# Generate Training Data for Resume Parser Fine-Tuning

This notebook generates training data pairs (resume text → structured JSON) for supervised fine-tuning of the Qwen3 resume parser model.

**Purpose:**
- Processes raw resumes from `combined_resumes.json`
- Extracts structured information using LLM to create (input, output) pairs
- Generates `extracted_resumes.json` with resume text and structured JSON pairs
- Creates the training dataset used for fine-tuning the Qwen3-0.6B model

**Workflow:**
1. Load raw resumes from `combined_resumes.json`
2. For each resume, extract structured JSON using LLM
3. Save resume text + extracted JSON pairs to `extracted_resumes.json`
4. This data is then converted to Qwen3 chat template format for training

**Features:**
- Processes resumes one by one with progress tracking
- Saves progress after each resume (can resume if interrupted)
- Configurable delay between API calls to handle rate limits
- Validates JSON output and tracks errors

**Note:** This notebook uses placeholders for the LLM API configuration.
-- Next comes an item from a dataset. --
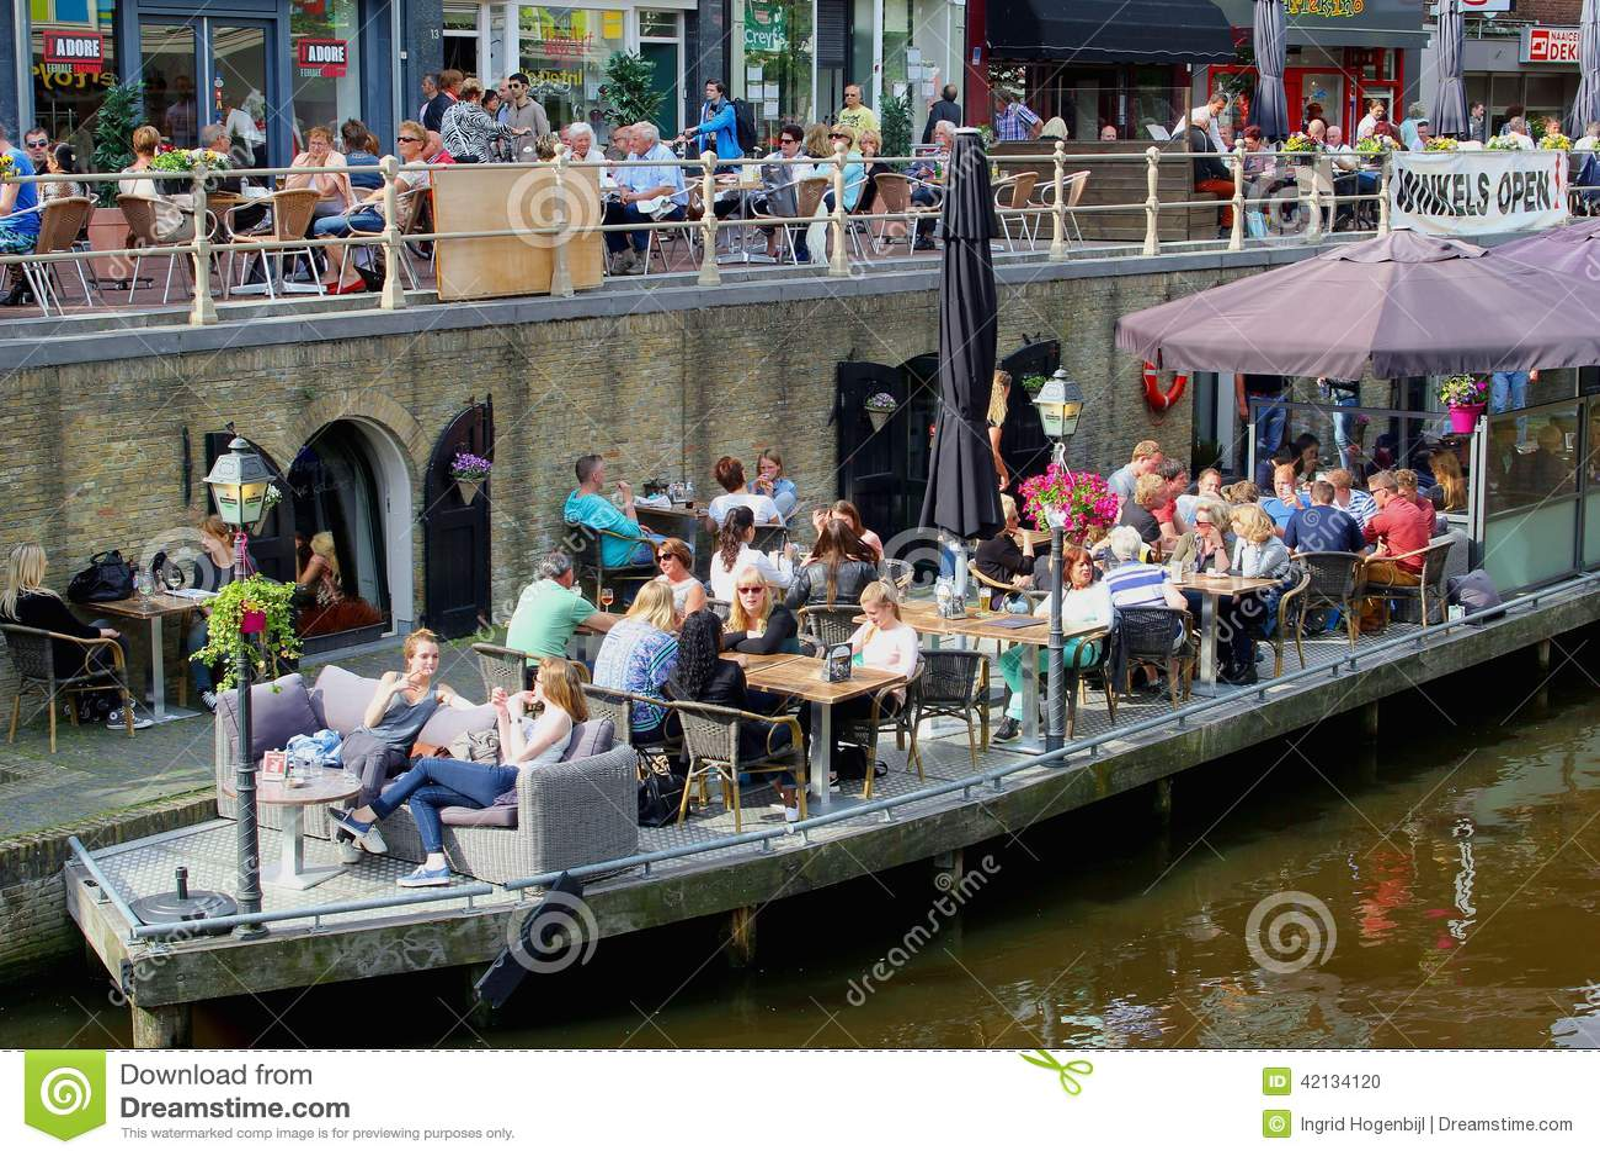 Leeuwarden - DavisHunter.com

Replace `YOUR_PROVIDER`, `YOUR_MODEL_NAME`, and the LLM client initialization with your actual API setup.


## Setup and Imports


In [None]:
import json
import time
from pathlib import Path
from datetime import datetime
# TODO: Import your LLM client/API wrapper here
# Example: from your_llm_client import YourLLMClient

print("✓ Imports successful")


## Configuration


In [None]:
# File paths
INPUT_FILE = "combined_resumes.json"
OUTPUT_FILE = "extracted_resumes.json"
PROGRESS_FILE = "processing_progress.json"

# API configuration
WAIT_TIME_SECONDS = 2
PROGRESS_PRINT_INTERVAL = 20  # Print detailed progress every N resumes

# TODO: Configure your LLM API settings
# Replace these placeholders with your actual API configuration
PROVIDER = "YOUR_PROVIDER"  # e.g., "OpenAI", "Anthropic", etc.
MODEL = "YOUR_MODEL_NAME"   # e.g., "gpt-4", "claude-3", etc.
TEMPERATURE = 0  # Use 0 for deterministic JSON extraction

print(f"Input file: {INPUT_FILE}")
print(f"Output file: {OUTPUT_FILE}")
print(f"Wait time between requests: {WAIT_TIME_SECONDS} seconds")
print(f"Progress update interval: every {PROGRESS_PRINT_INTERVAL} resumes")
print(f"\n⚠️  Note: Update PROVIDER and MODEL with your actual API configuration")


## Prompt Templates


In [None]:
SYSTEM_PROMPT = """
You are an expert resume information extraction system.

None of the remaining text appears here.